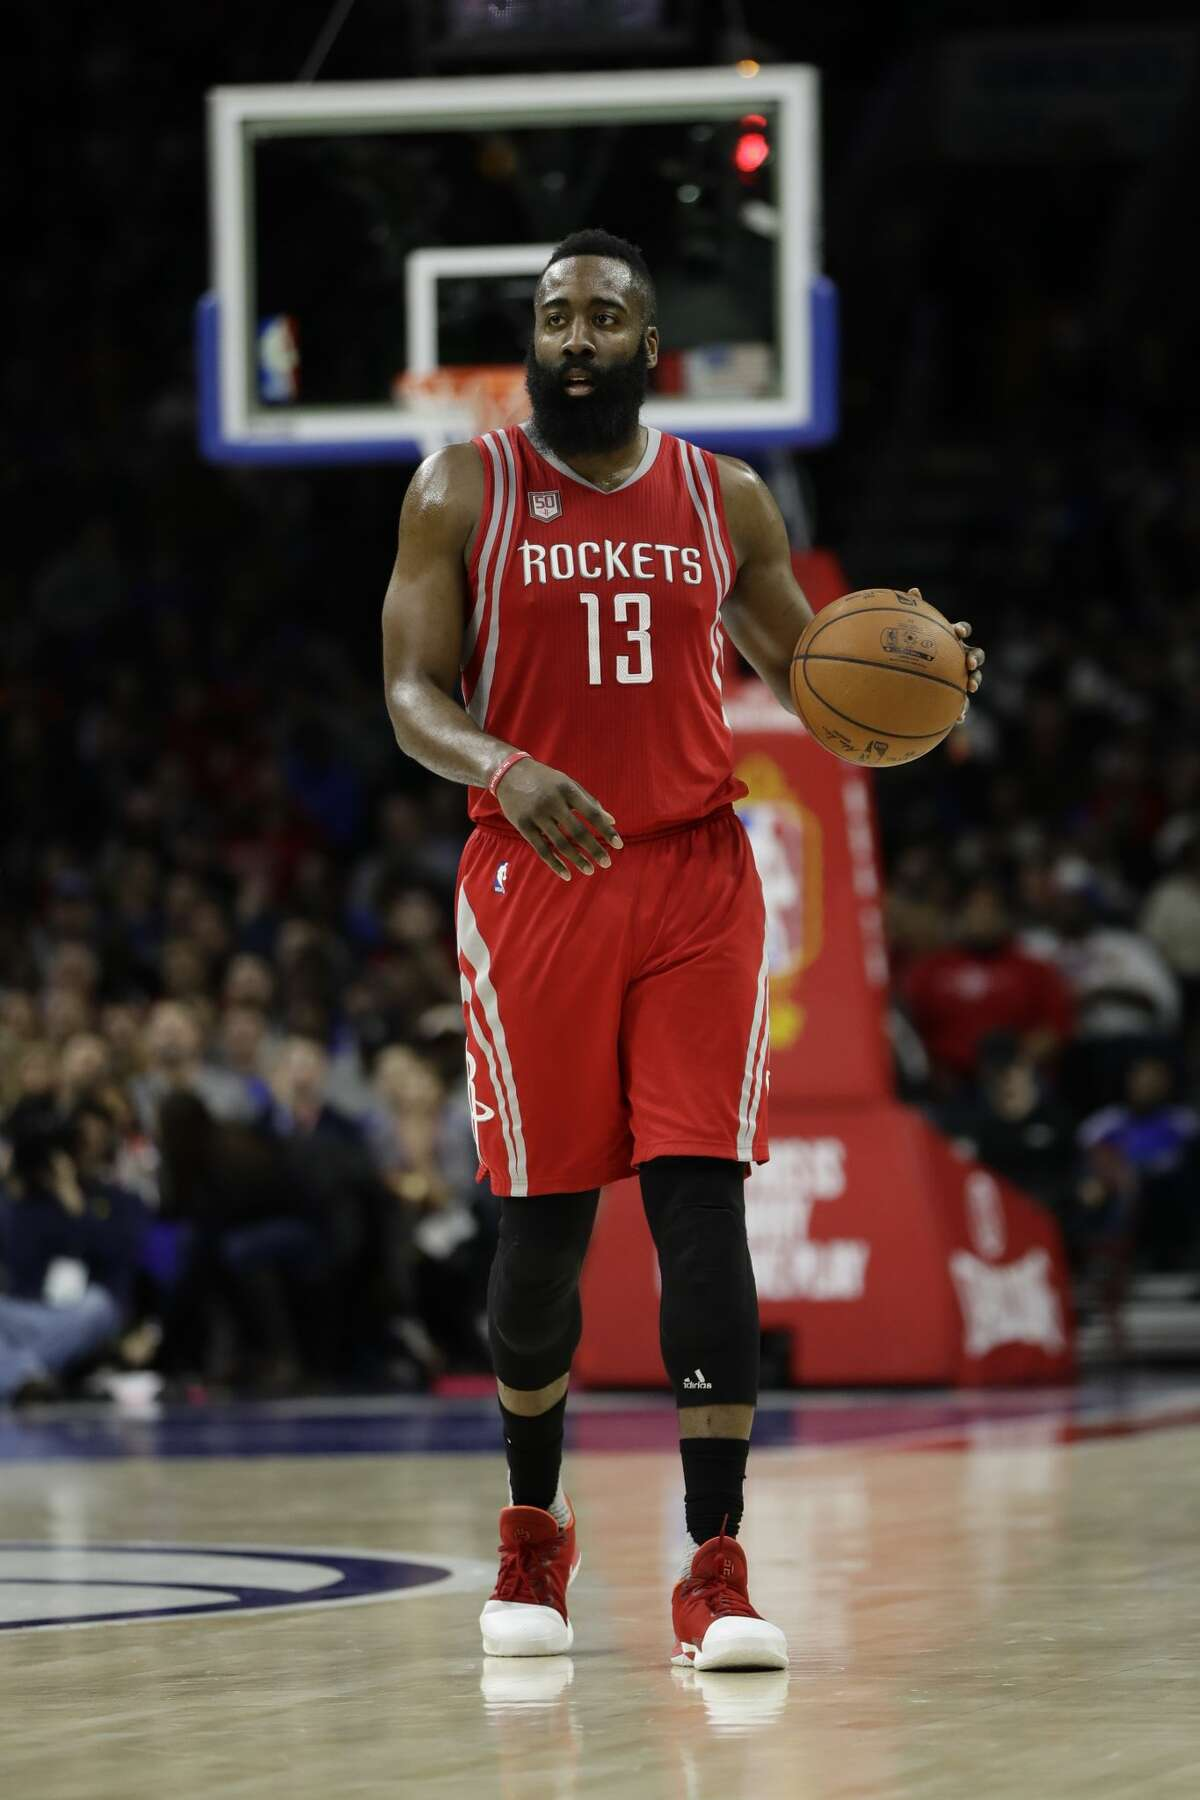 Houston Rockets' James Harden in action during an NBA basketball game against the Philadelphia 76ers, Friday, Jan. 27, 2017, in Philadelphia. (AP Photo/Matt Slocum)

==

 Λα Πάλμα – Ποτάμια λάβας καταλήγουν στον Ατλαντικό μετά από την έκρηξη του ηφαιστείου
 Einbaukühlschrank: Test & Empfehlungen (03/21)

...

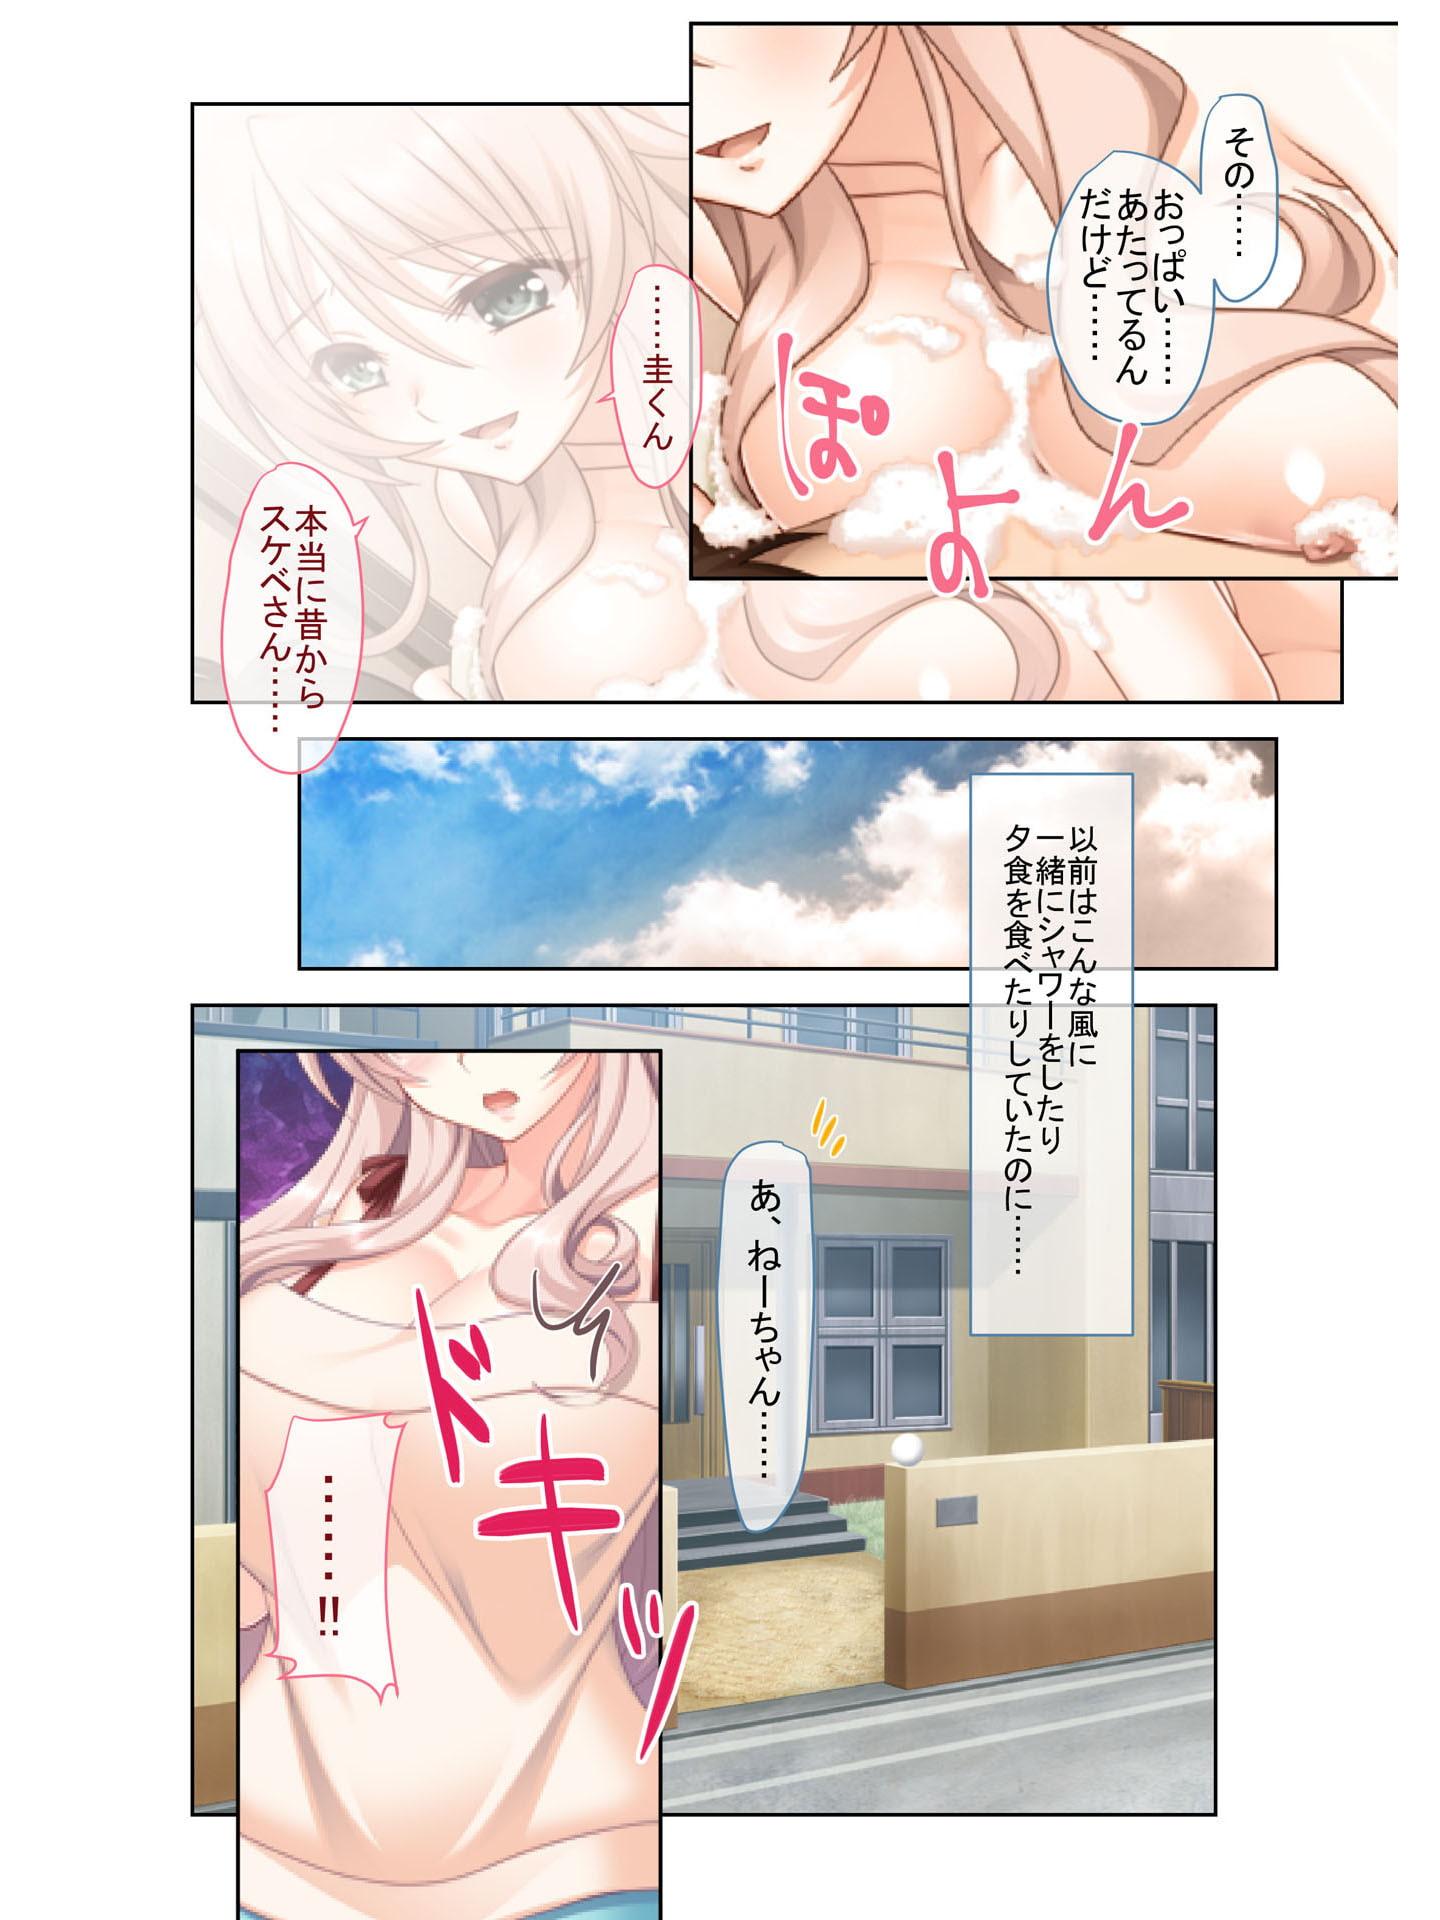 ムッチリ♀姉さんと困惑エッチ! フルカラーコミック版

*Problem details:*
Set down, exactly as they appear above, all lines from the one that has "Λα Πάλμα – Ποτάμια" down to the one that has "Einbaukühlschrank: Test &", including those two and no others.

*Answer below:*
 Λα Πάλμα – Ποτάμια λάβας καταλήγουν στον Ατλαντικό μετά από την έκρηξη του ηφαιστείου
 Einbaukühlschrank: Test & Empfehlungen (03/21)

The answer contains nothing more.